Metadata-Version: 2.1
Name: mokr
Version: 0.1.2
Summary: Remote web browser automation.
Author: Michael Everingham
Author-email: 36551116+michaeleveringham@users.noreply.github.com
Requires-Python: >=3.9,<4.0
Classifier: Programming Language :: Python :: 3
Classifier: Programming Language :: Python :: 3.9
Classifier: Programming Language :: Python :: 3.10
Classifier: Programming Language :: Python :: 3.11
Classifier: Programming Language :: Python :: 3.12
Requires-Dist: geckordp (>=0.4.53,<0.5.0)
Requires-Dist: httpx[http2,socks] (>=0.27.0,<0.28.0)
Requires-Dist: pyee (>=11.1.0,<12.0.0)
Requires-Dist: requests (>=2.31.0,<3.0.0)
Requires-Dist: tqdm (>=4.66.2,<5.0.0)
Requires-Dist: websockets (>=12.0,<13.0)
Description-Content-Type: text/markdown

# ✈ mokr

Remote web browser automation.

## About

`mokr` is a spirtual successor to [`pyppeteer`](https://github.com/pyppeteer/pyppeteer),
which it was originally forked from. However, `mokr` isn't meant to be a 1:1 drop-in
replacement for it, and also doesn't seek to keep parity with
[`puppeteer`](https://github.com/puppeteer/puppeteer).
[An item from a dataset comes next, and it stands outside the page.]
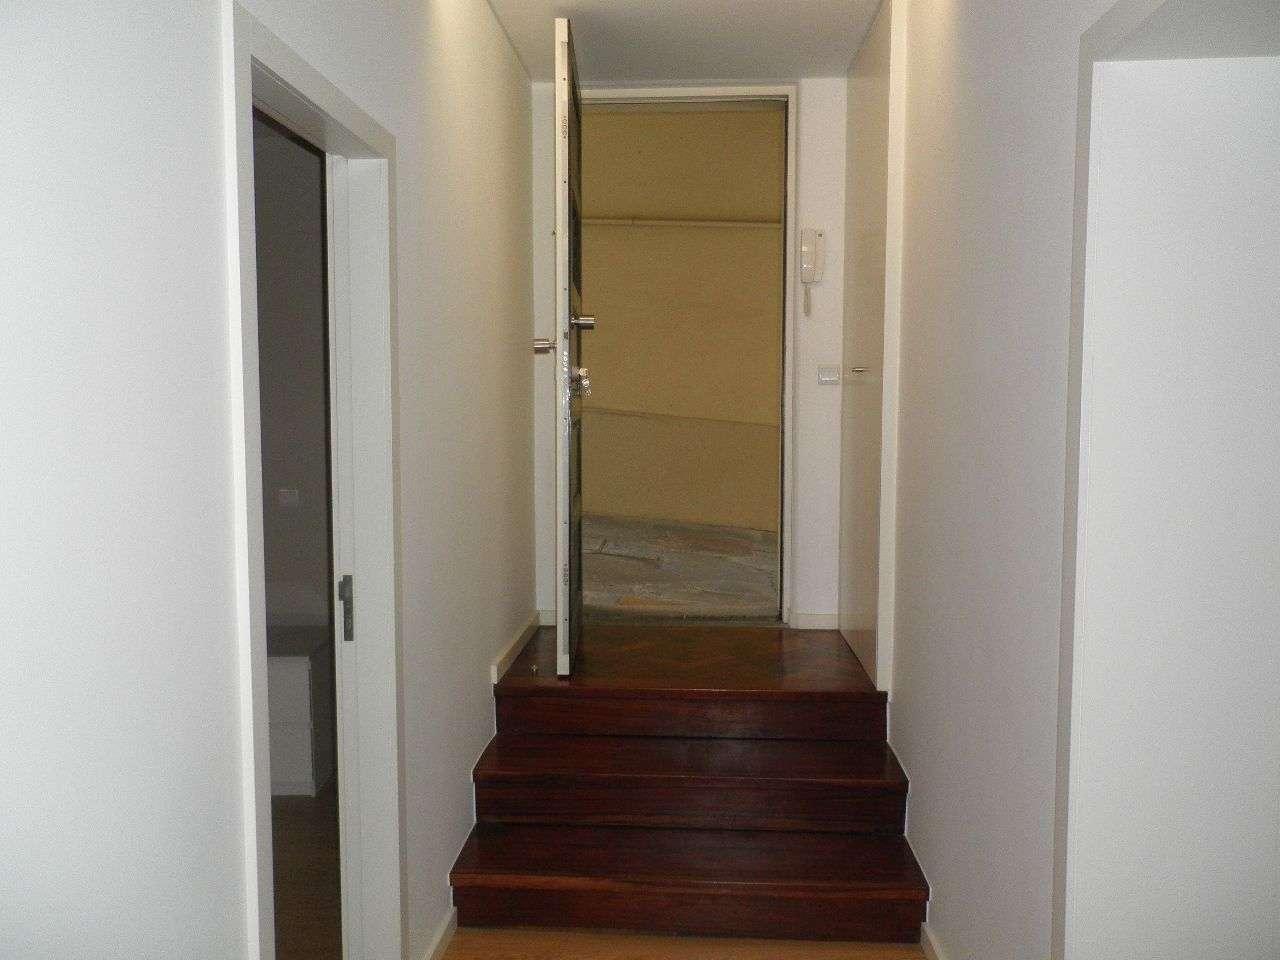 Apartamento para arrendar, Cedofeita, Santo Ildefonso, Sé, Miragaia, São Nicolau e Vitória, Porto - Foto 7

Some functionality has remained the same, but a lot has changed, too.
Some elements have been based off of `puppeteer`
proper and [`python-playwright`](https://github.com/microsoft/playwright-python), too.

`mokr` is named after [MOCR](https://en.wikipedia.org/wiki/Christopher_C._Kraft_Jr._Mission_Control_Center), Nasa's
Mission Operation Control Rooms that were used to control launches.

## Quickstart

Run `pip install mokr` to install package.

Run `mokr install` to install browsers.

Run `mokr scrape <url>` to load the target page and dump contents to console.

## Documentation

See the full [documentation](https://mokr.readthedocs.io/en/latest/index.html).

## Usage

Launch a headless browser, navigate to a site, and dump the html to console.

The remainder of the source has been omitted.